*** Opening RAW DATA ***

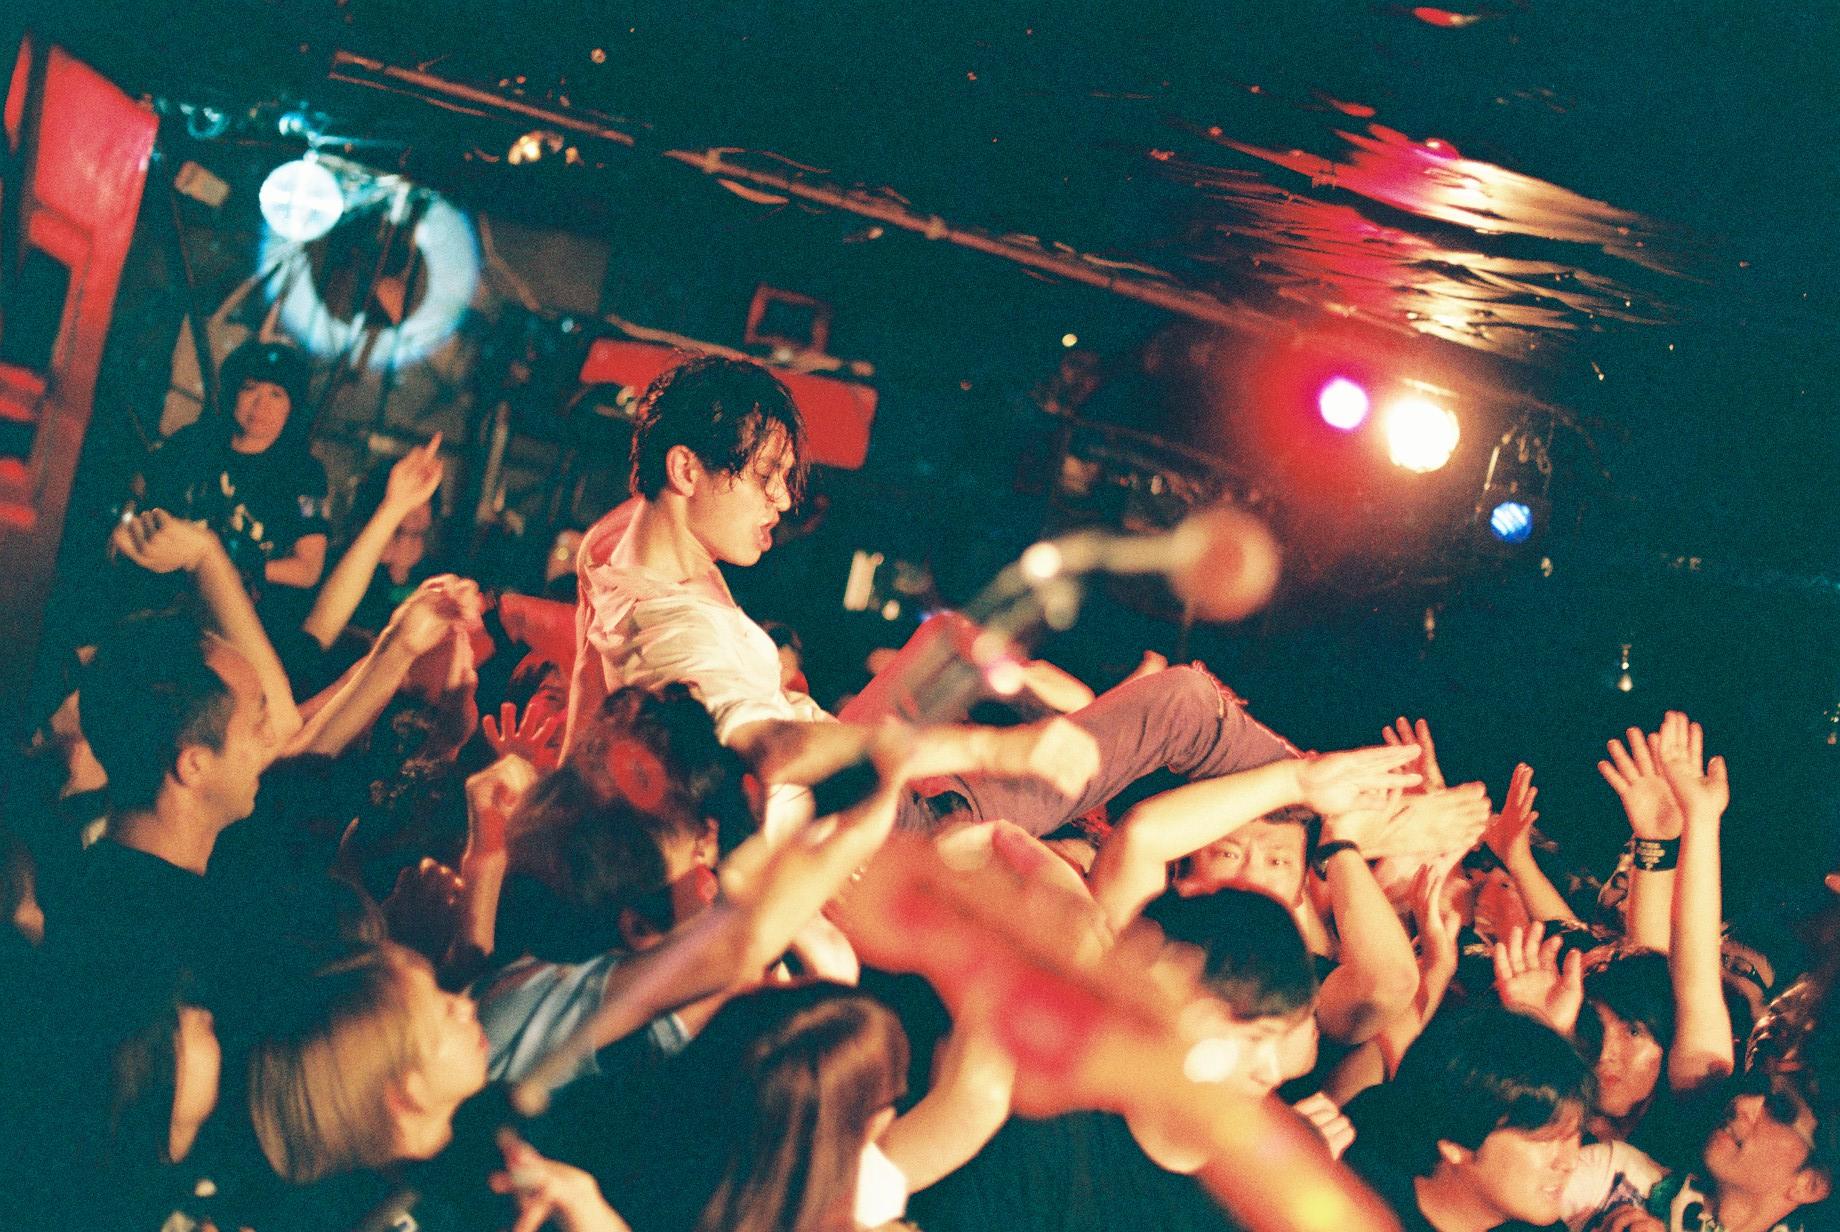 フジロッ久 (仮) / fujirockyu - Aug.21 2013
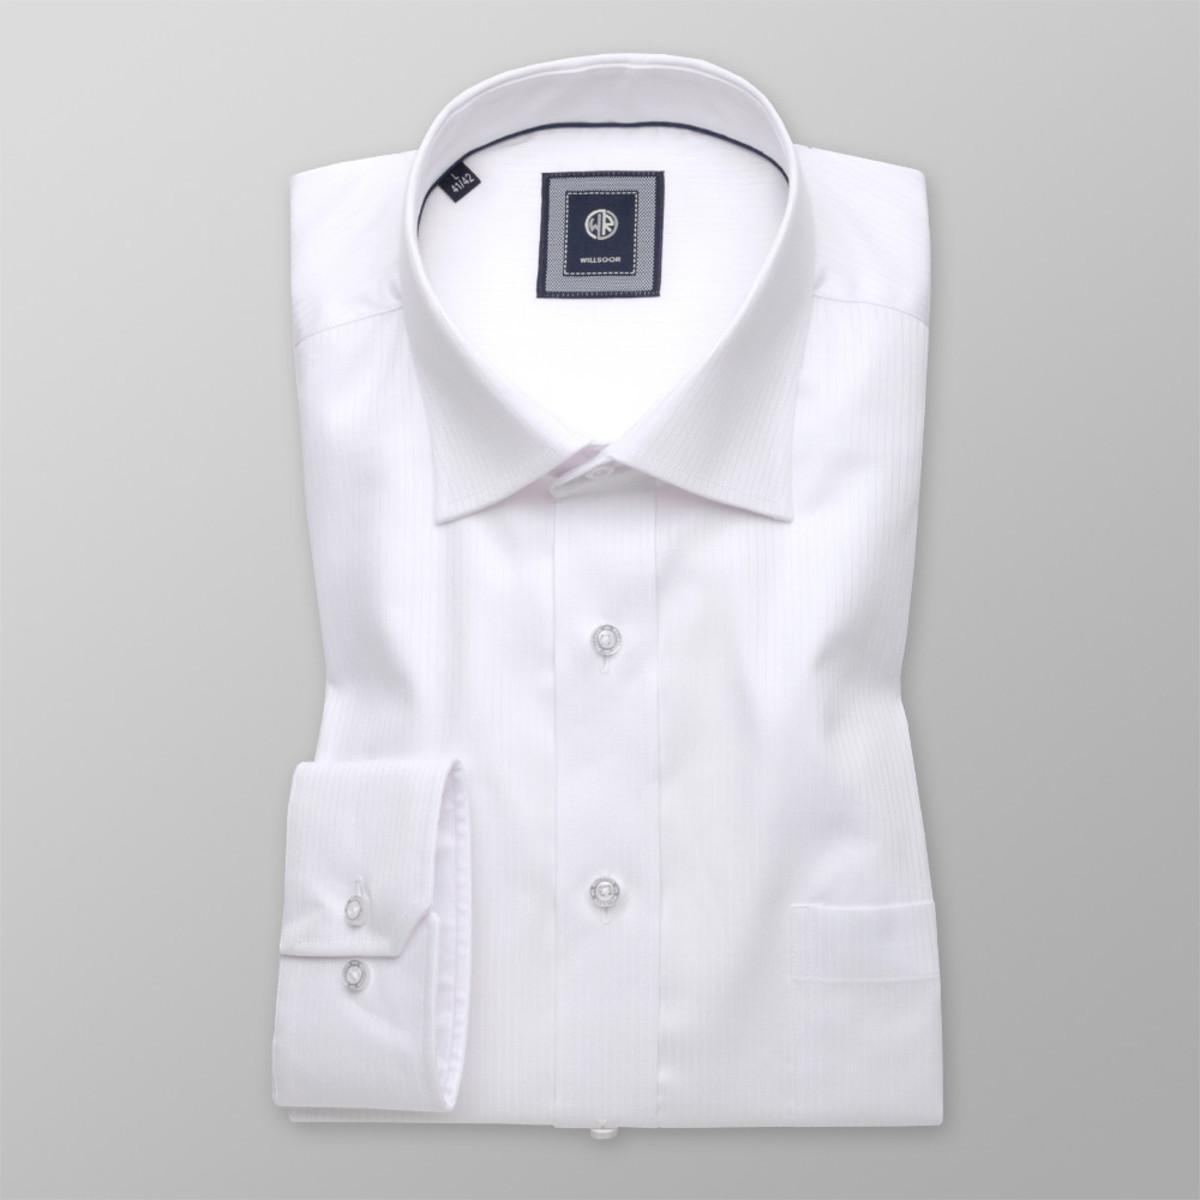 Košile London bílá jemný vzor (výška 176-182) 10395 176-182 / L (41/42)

*** Closing RAW DATA ***
*** Opening RAW DATA ***

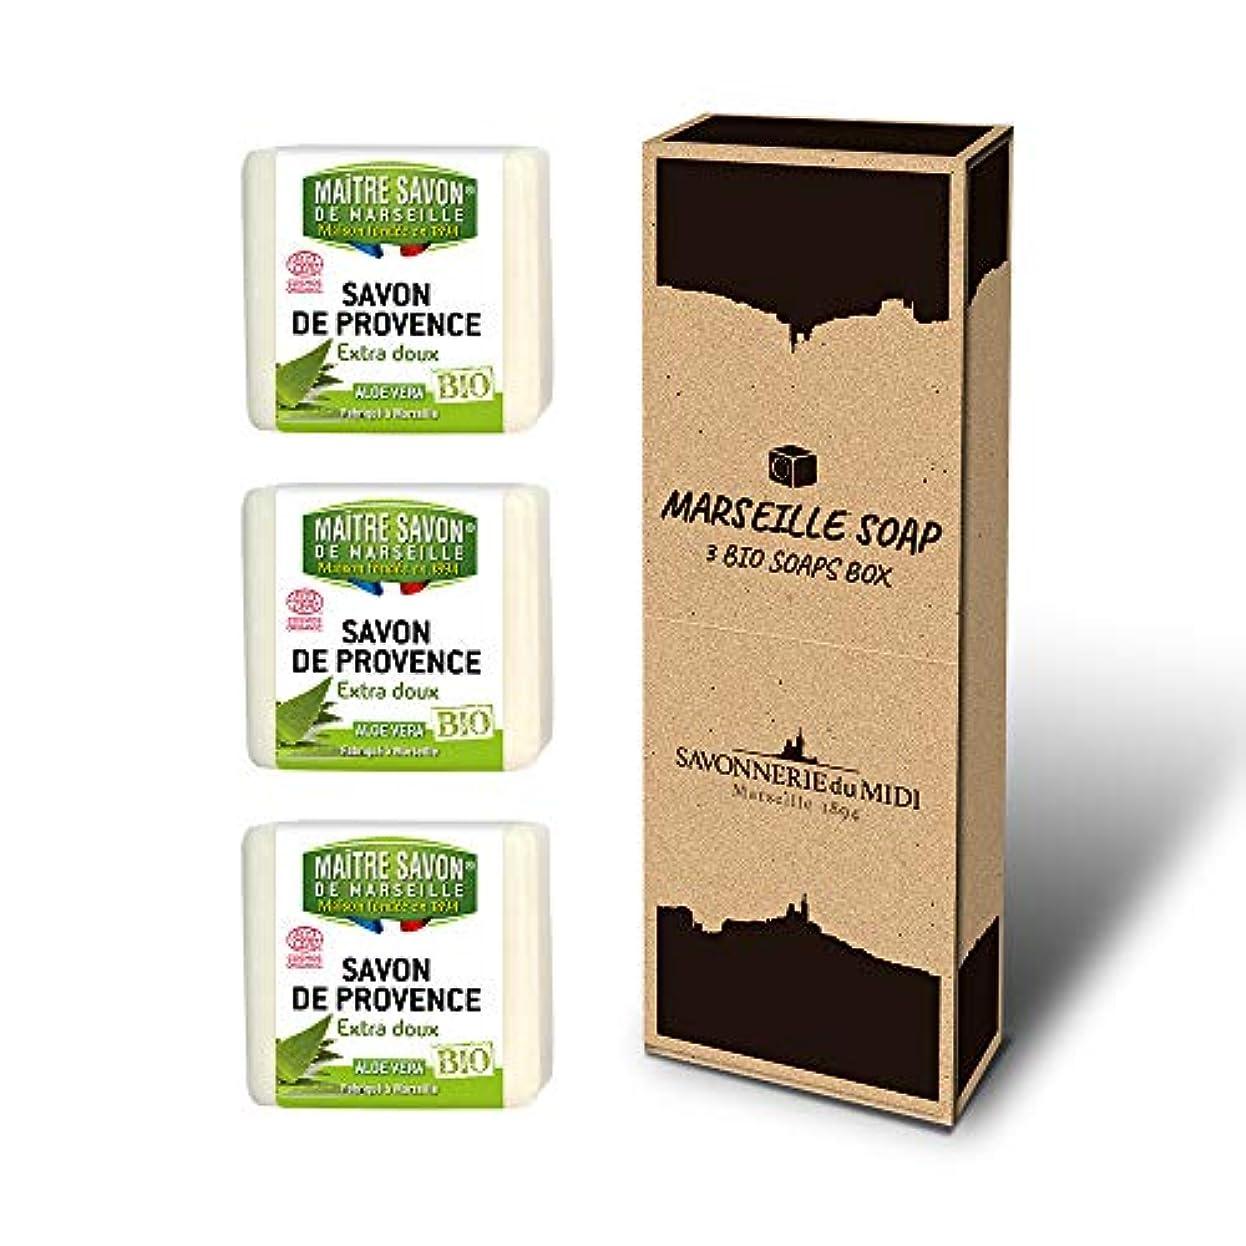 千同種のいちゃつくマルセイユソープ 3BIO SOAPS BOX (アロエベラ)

*** Closing RAW DATA ***

The output is the stretch above from the line with "フジロッ久 (仮) / fujirockyu - Aug.21 2013" through the line with "Košile London bílá", copied word for word with both ends kept and every picture dropped.

 フジロッ久 (仮) / fujirockyu - Aug.21 2013
 Košile London bílá jemný vzor (výška 176-182) 10395 176-182 / L (41/42)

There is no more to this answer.